EXERCISE AIM:
Every line below should be copied exactly; drop the pictures.
BEGIN STORED DATA
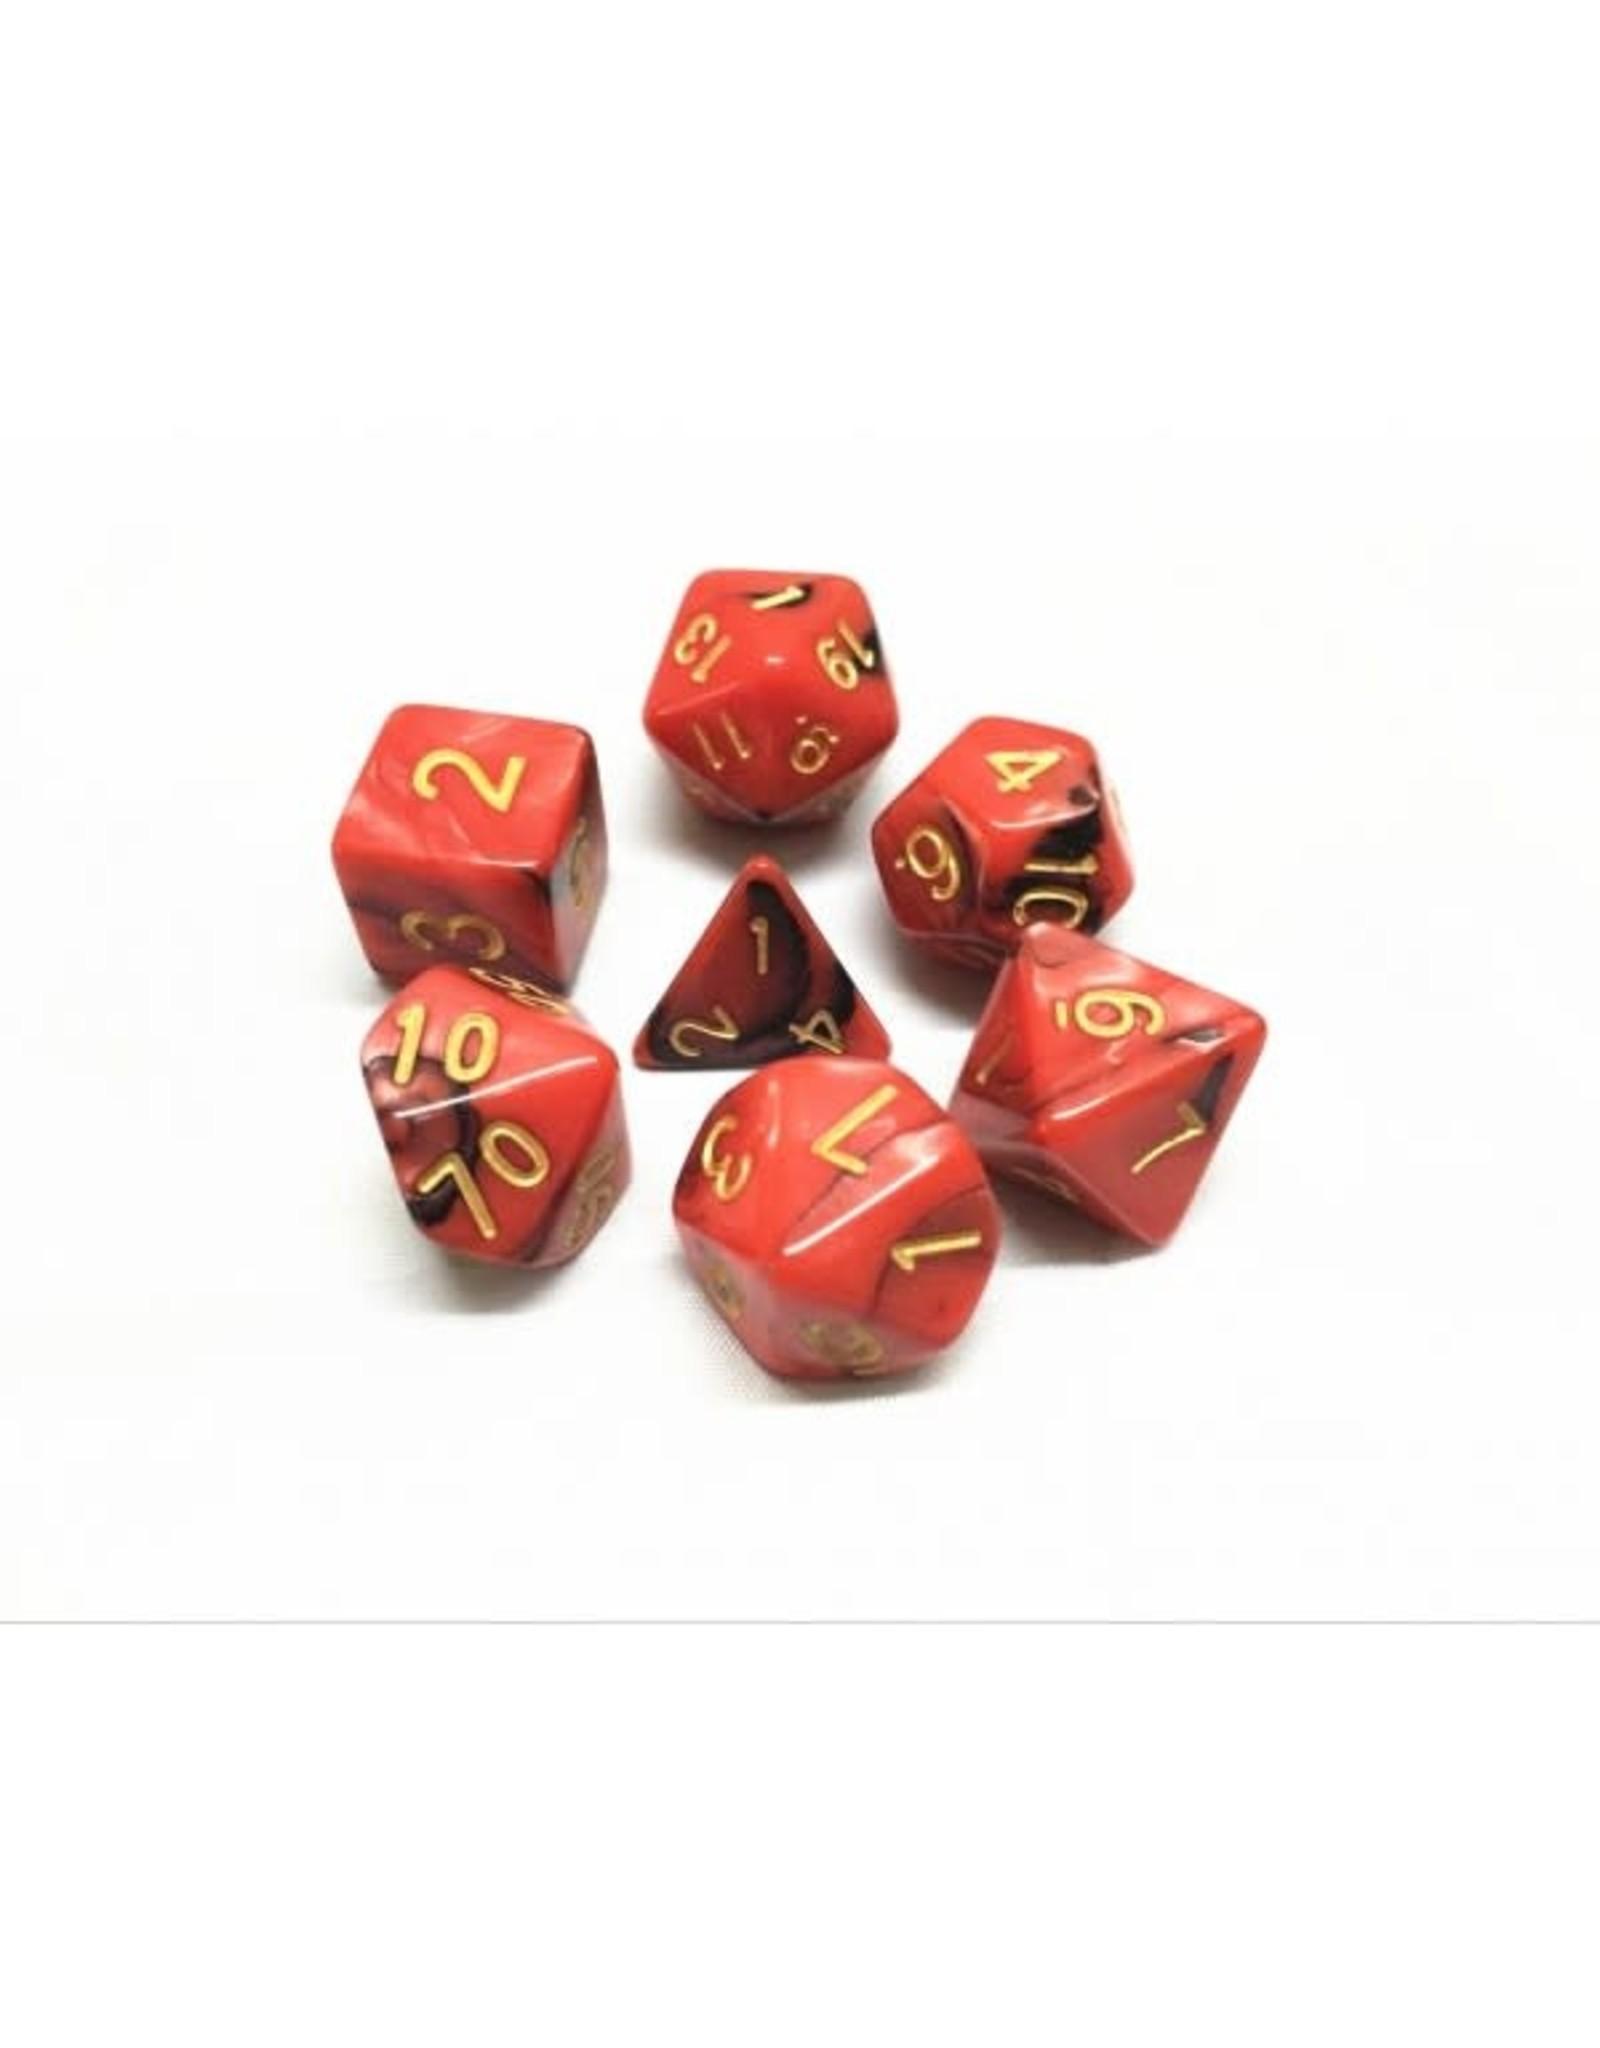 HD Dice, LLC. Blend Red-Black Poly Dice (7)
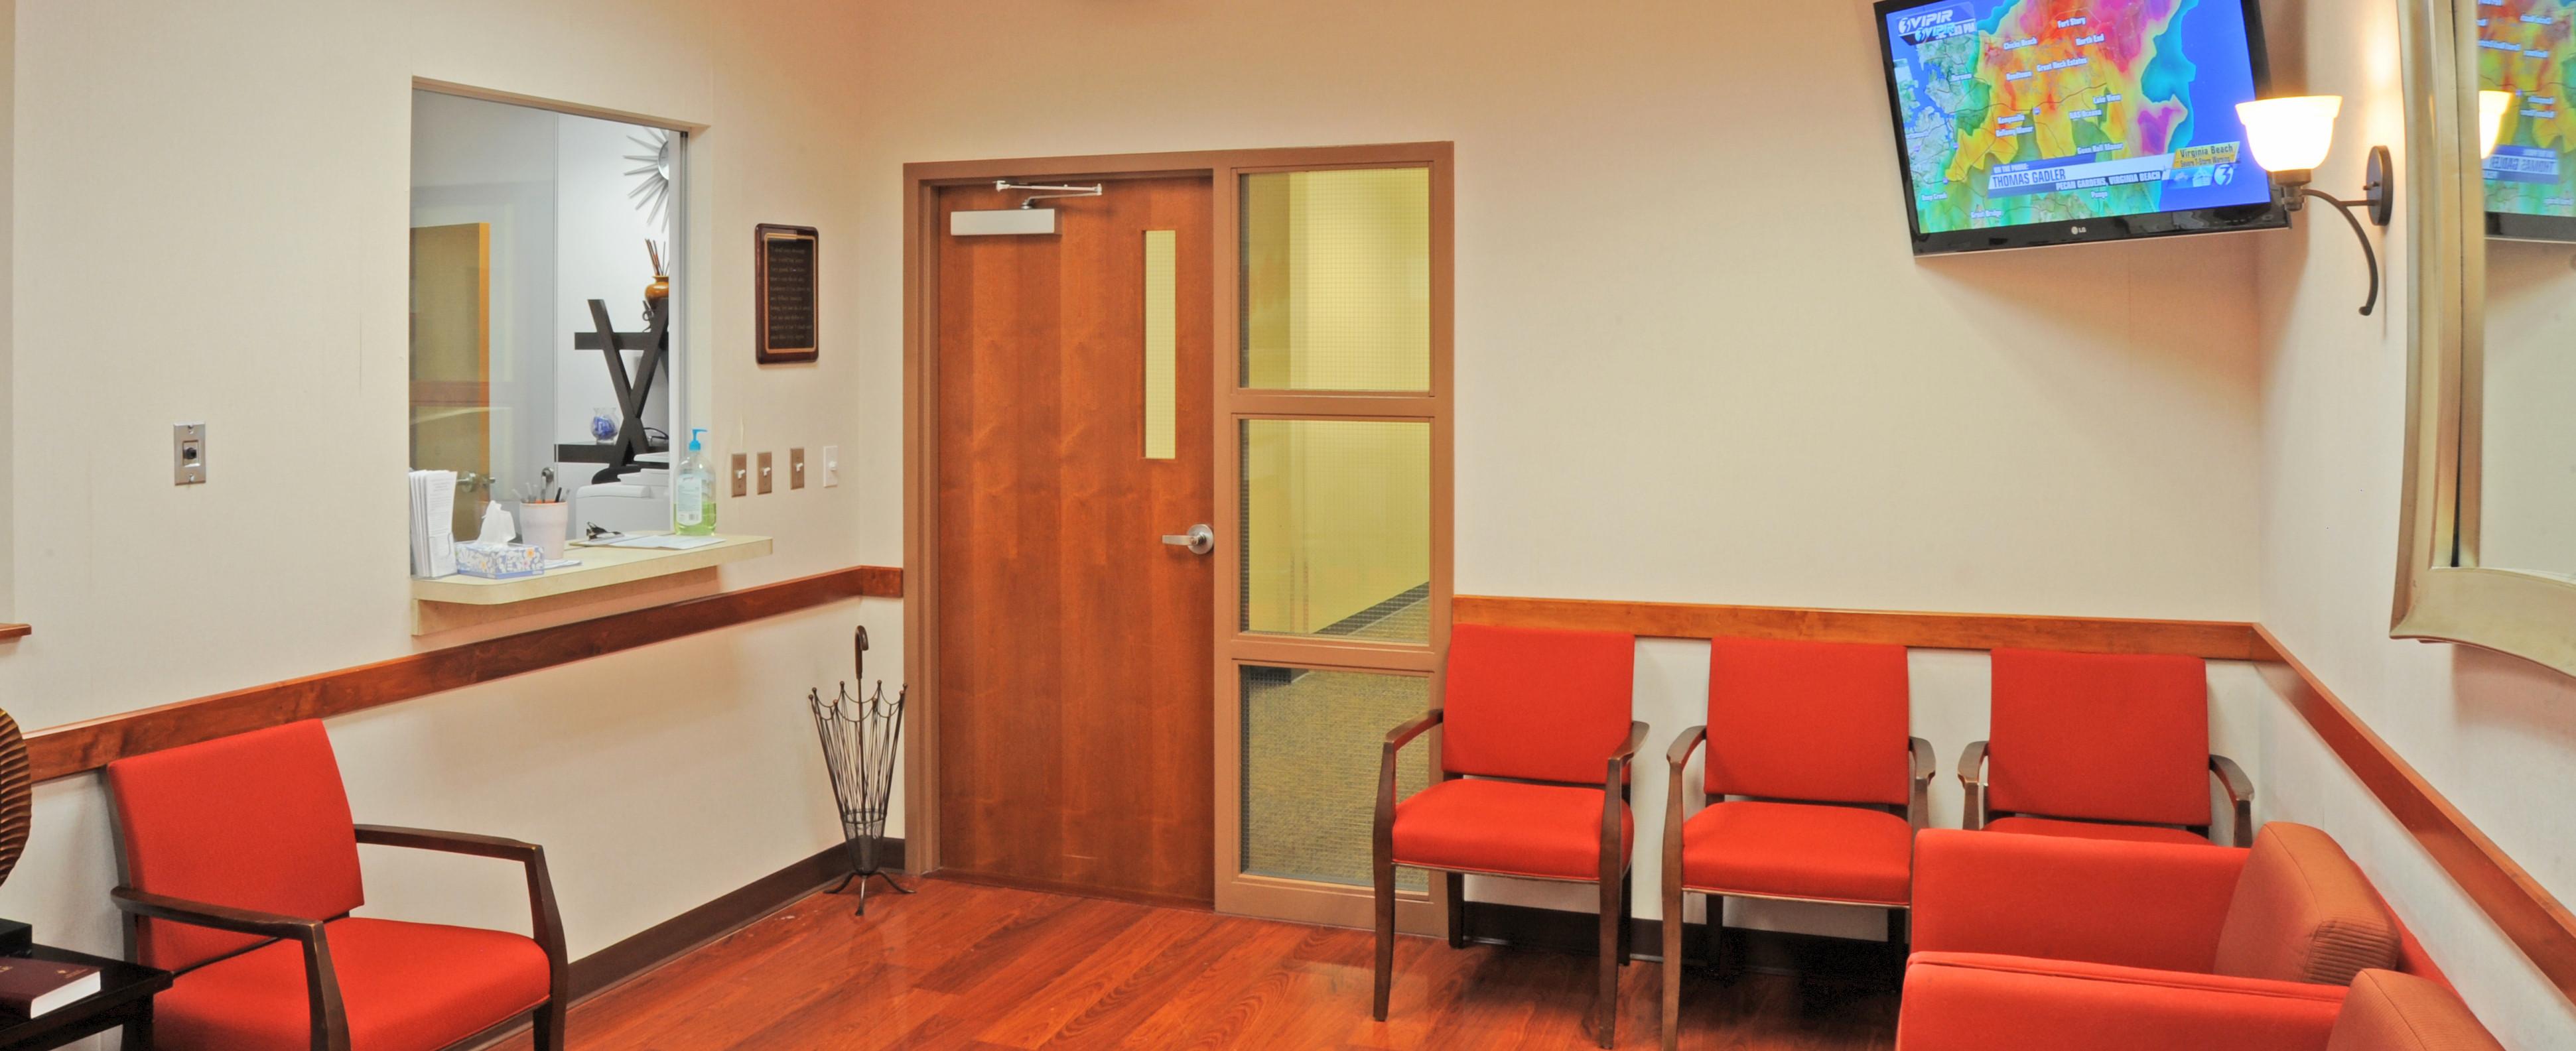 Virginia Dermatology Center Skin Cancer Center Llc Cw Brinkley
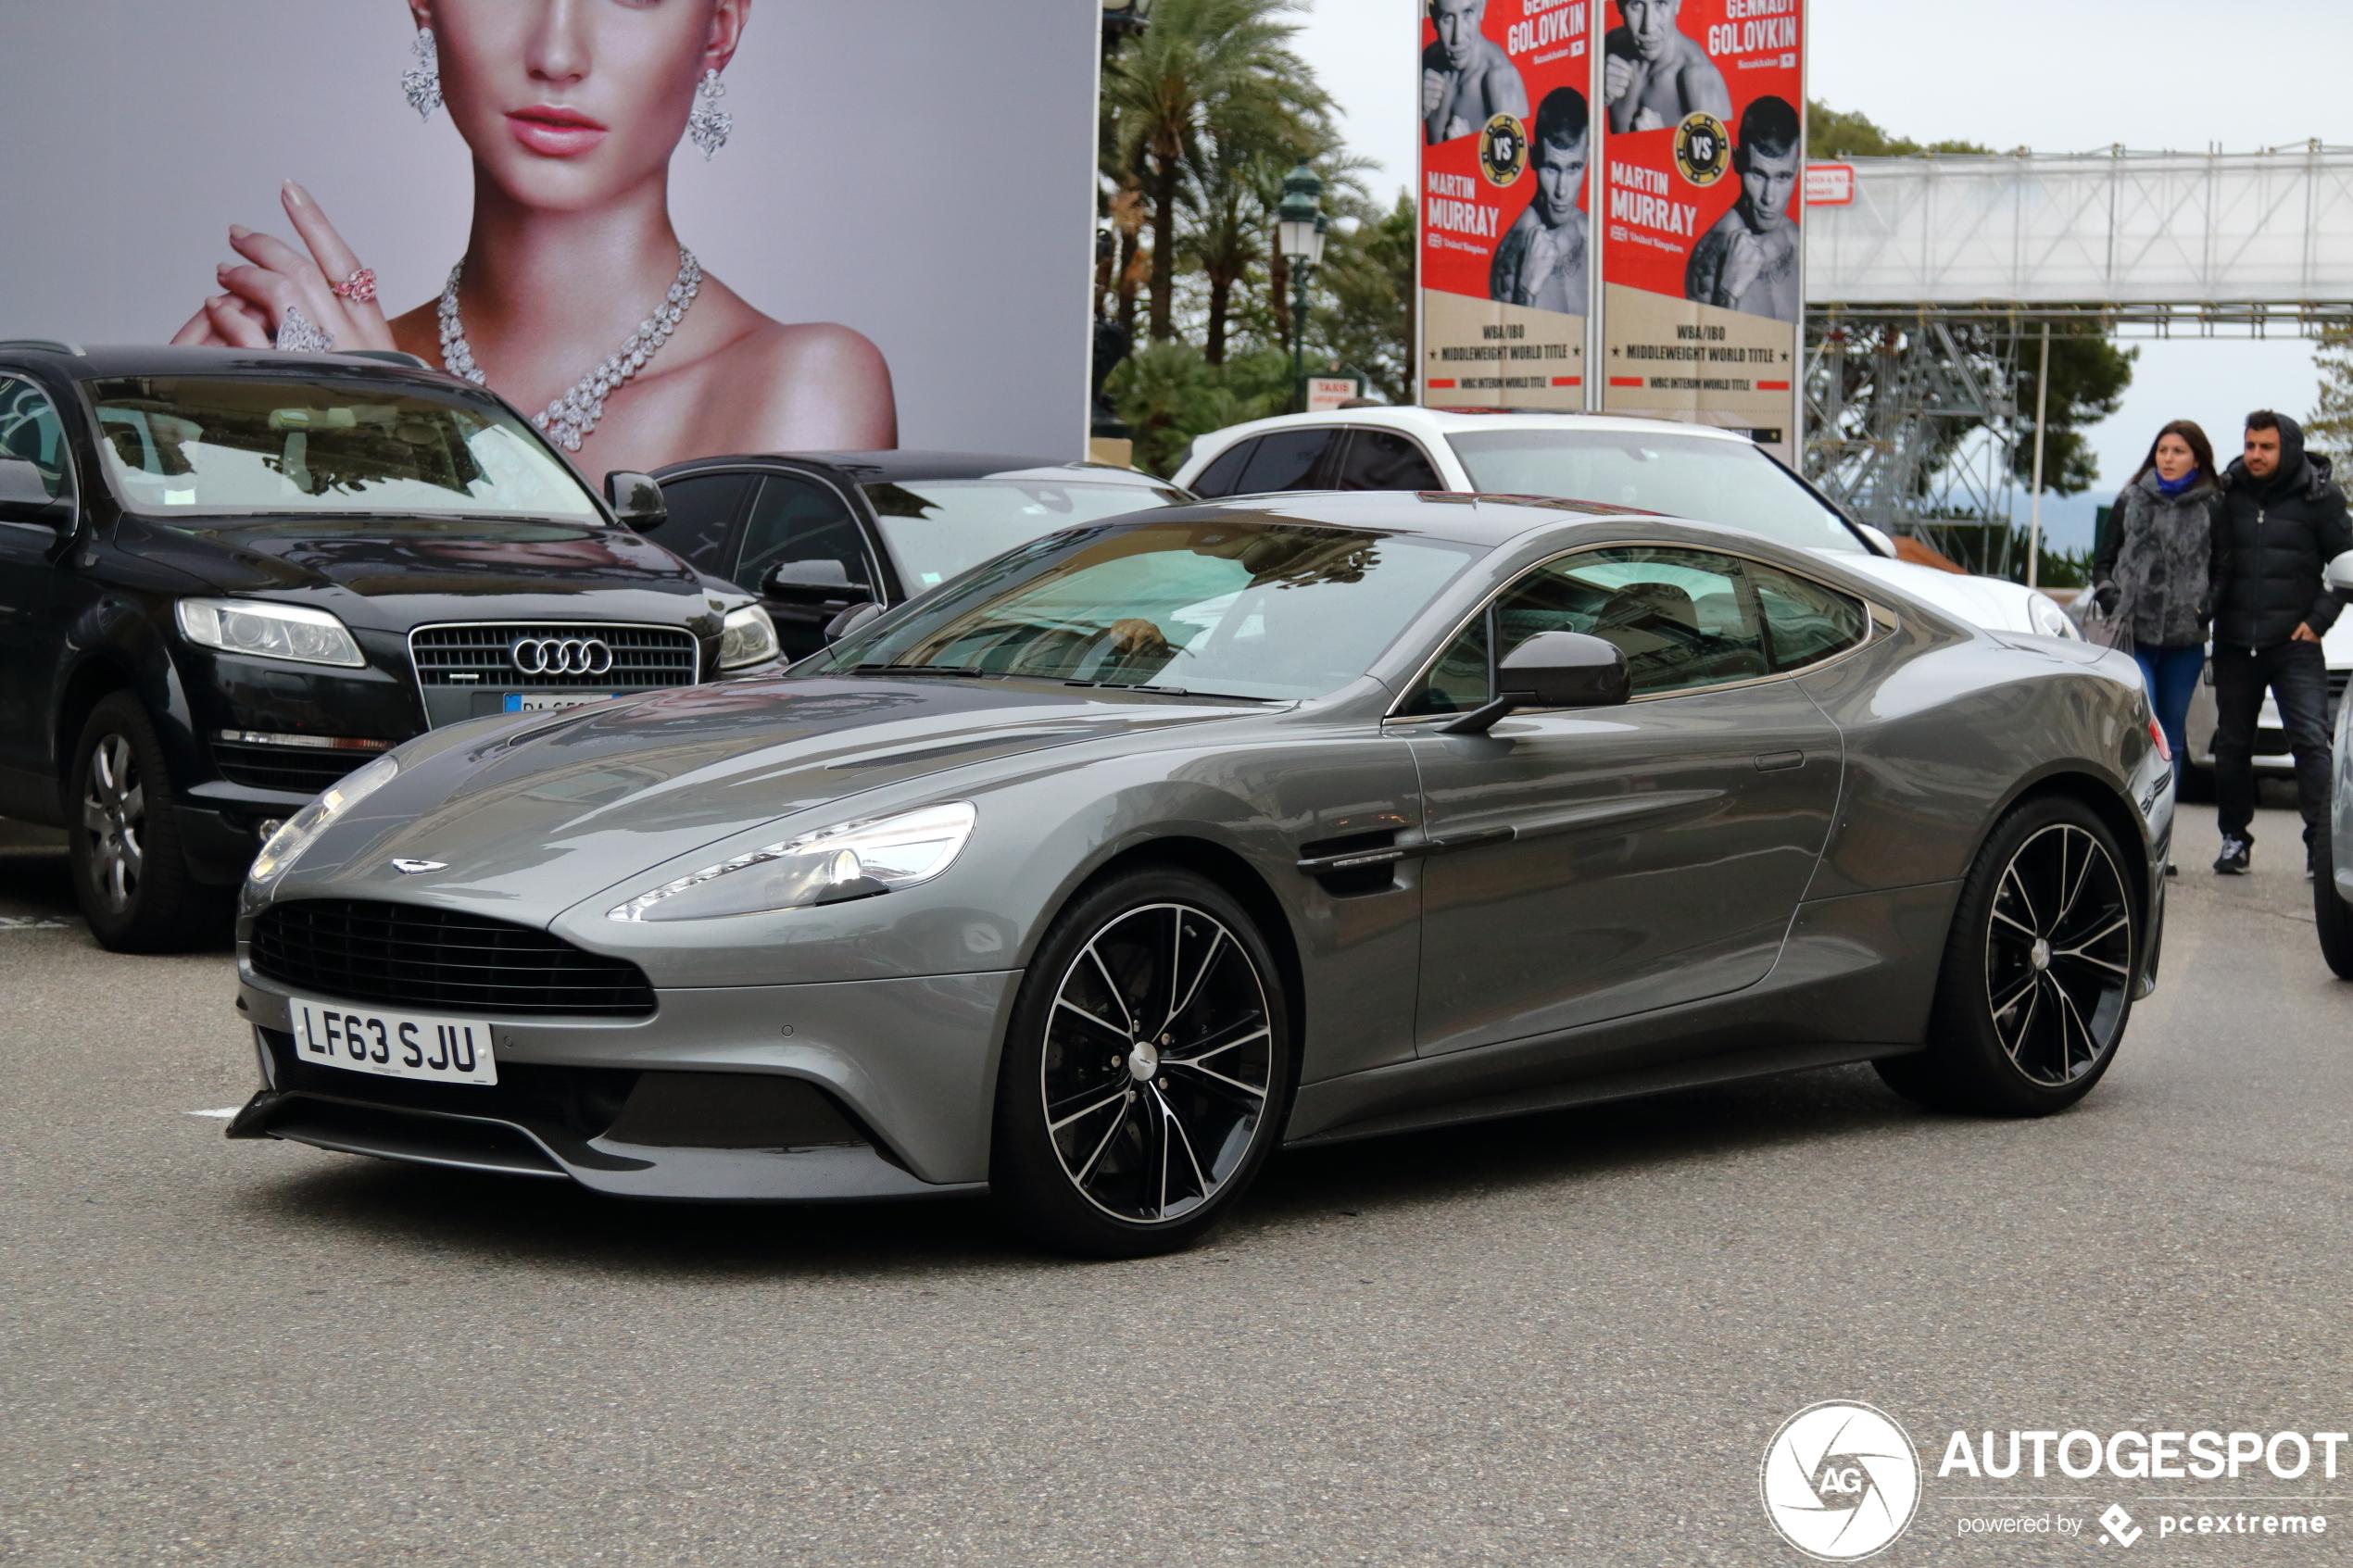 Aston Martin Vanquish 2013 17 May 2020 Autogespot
END STORED DATA
RESULT OF THE EXERCISE:
 HD Dice, LLC. Blend Red-Black Poly Dice (7)
 Virginia Dermatology Center Skin Cancer Center Llc Cw Brinkley
 Aston Martin Vanquish 2013 17 May 2020 Autogespot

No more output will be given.